I would suggest that each general hospital should have a Chief of Staff elected for a limited period by his colleagues. He or she would have the same administrative standing as the chief executive officer of the hospital and would be granted special sessions for administration. He would chair a medical committee which would include the chairmen of the major medical departments of the hospital. He would be responsible for standards of accountability among his colleagues and would have certain disciplinary powers. About thirty years ago the Cogwheel Report was published in the United Kingdom (2). It advocated a medical structure somewhat along these lines. It seems puzzling to me that the Cogwheel recommendations were not widely accepted. There may have been professional resistance to the proposal but I am sure such a staff structure must be part of hospital organisation in other countries. My views on the current hospital system in Ireland can be found in my monograph published in 2006 (3).
 
I believe the high standards of Dublin midwifery and the international reputation of the Dublin school must rest squarely on the mastership system and on the professional accountability of the maternity hospitals. It also rests on the strong emphasises on health education and prevention, and the clinical management which is inherent in obstetrical practice in this city. This system should be retained and jealously guarded by our maternity hospitals. Its advantages should be remembered when we are trying to solve the problems of staffing and the administrative structure of our modern general hospitals.

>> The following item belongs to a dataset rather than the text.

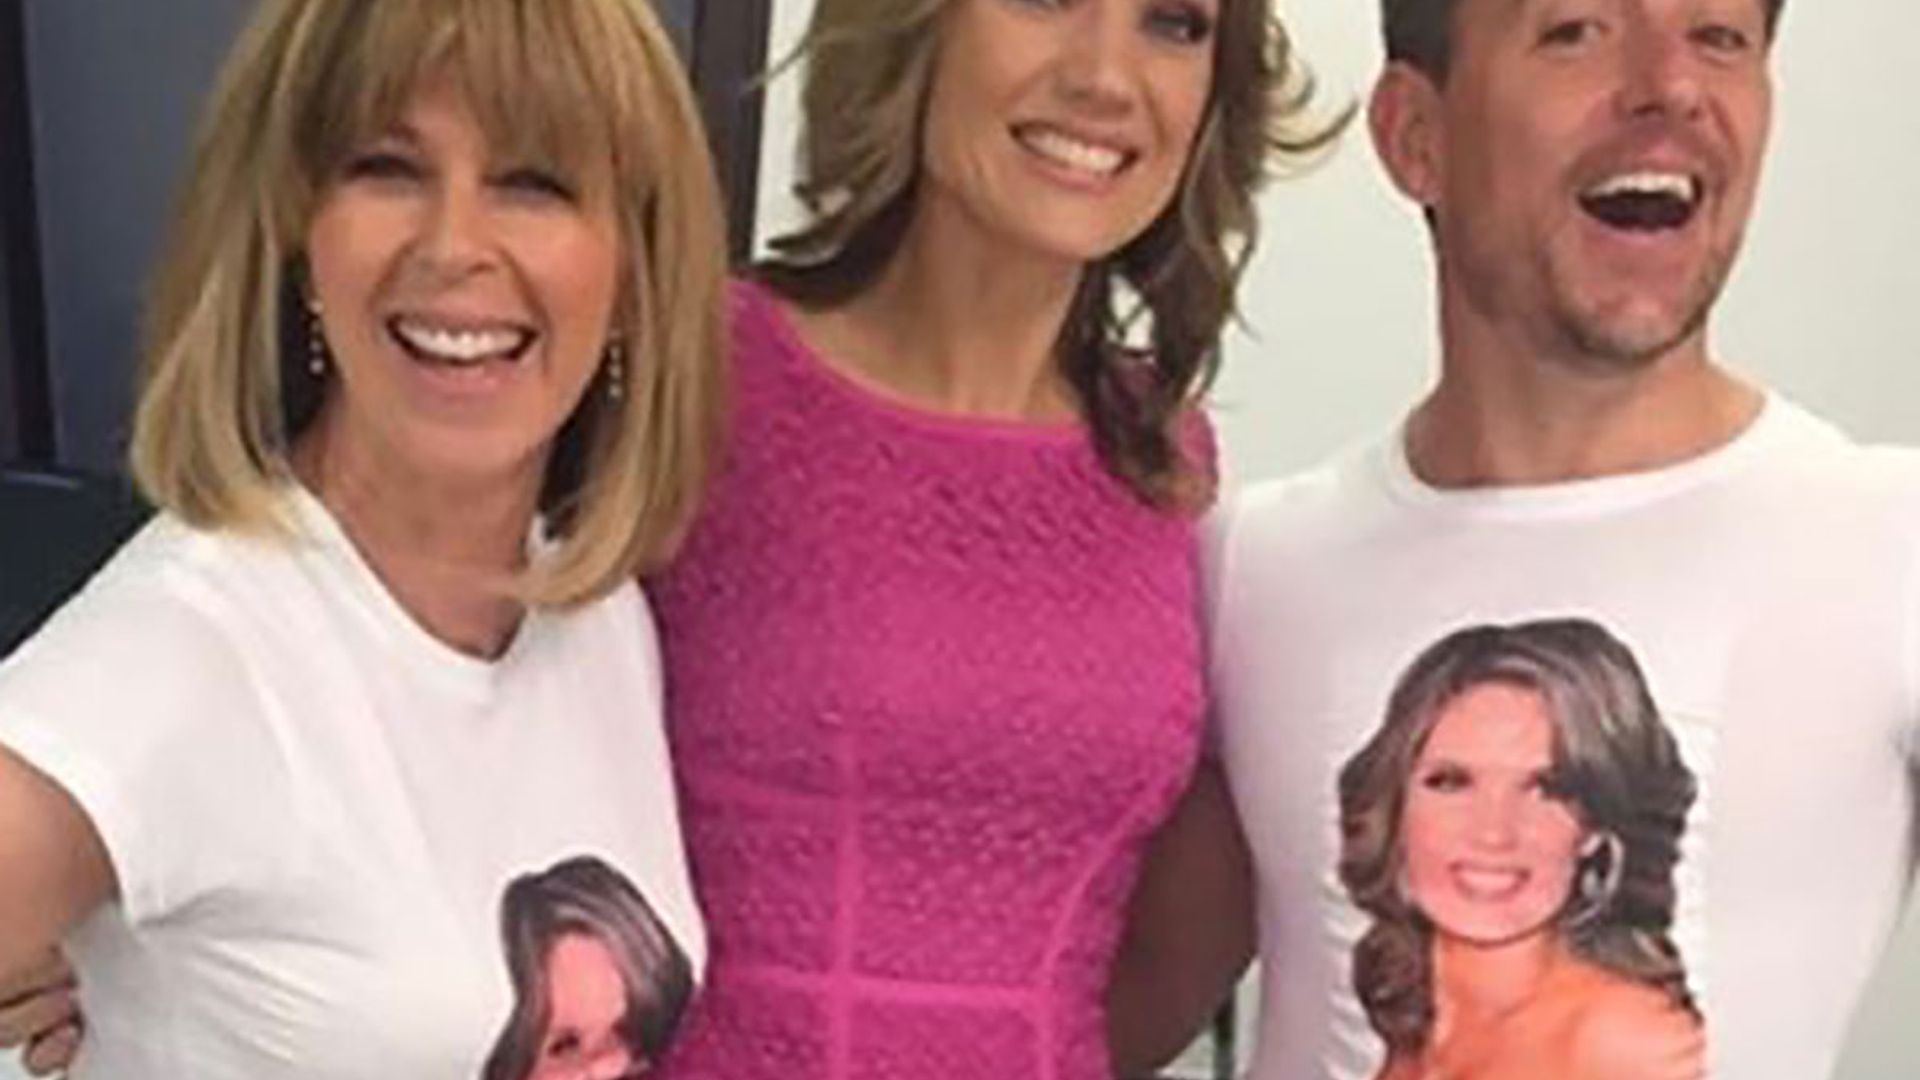 Ben Shephard shares rare picture of Charlotte Hawkins to mark her 45th birthday

To return to the Collins book on midwifery, I would sum up by referring to his foresight and clinical judgement in controlling puerperal infection long before the bacterial origin of disease was discovered. Many of the treatment methods used in the early nineteenth century midwifery must have done more harm than good. They had no obvious rationale nor did they have any basis of evidence to support them. It was long before the concept of evidence based medicine was introduced but it is a reminder that we still practice medicine which has never been justified on the grounds of proper trials.

References:

(1)  Joseph Banks in Newfoundland and Labrador, 1766. A.M.Lysaght,   Faber & Faber. London, 1971, p35.

(2)  First Report of the Joint Working Party on the Organisation of Medical Work in Hospitals. H.M.Stationary Office, London, 1967.

(3)  Is the Health Service for Healing? Risteárd Mulcahy, Liberties Press, Dublin, 2006.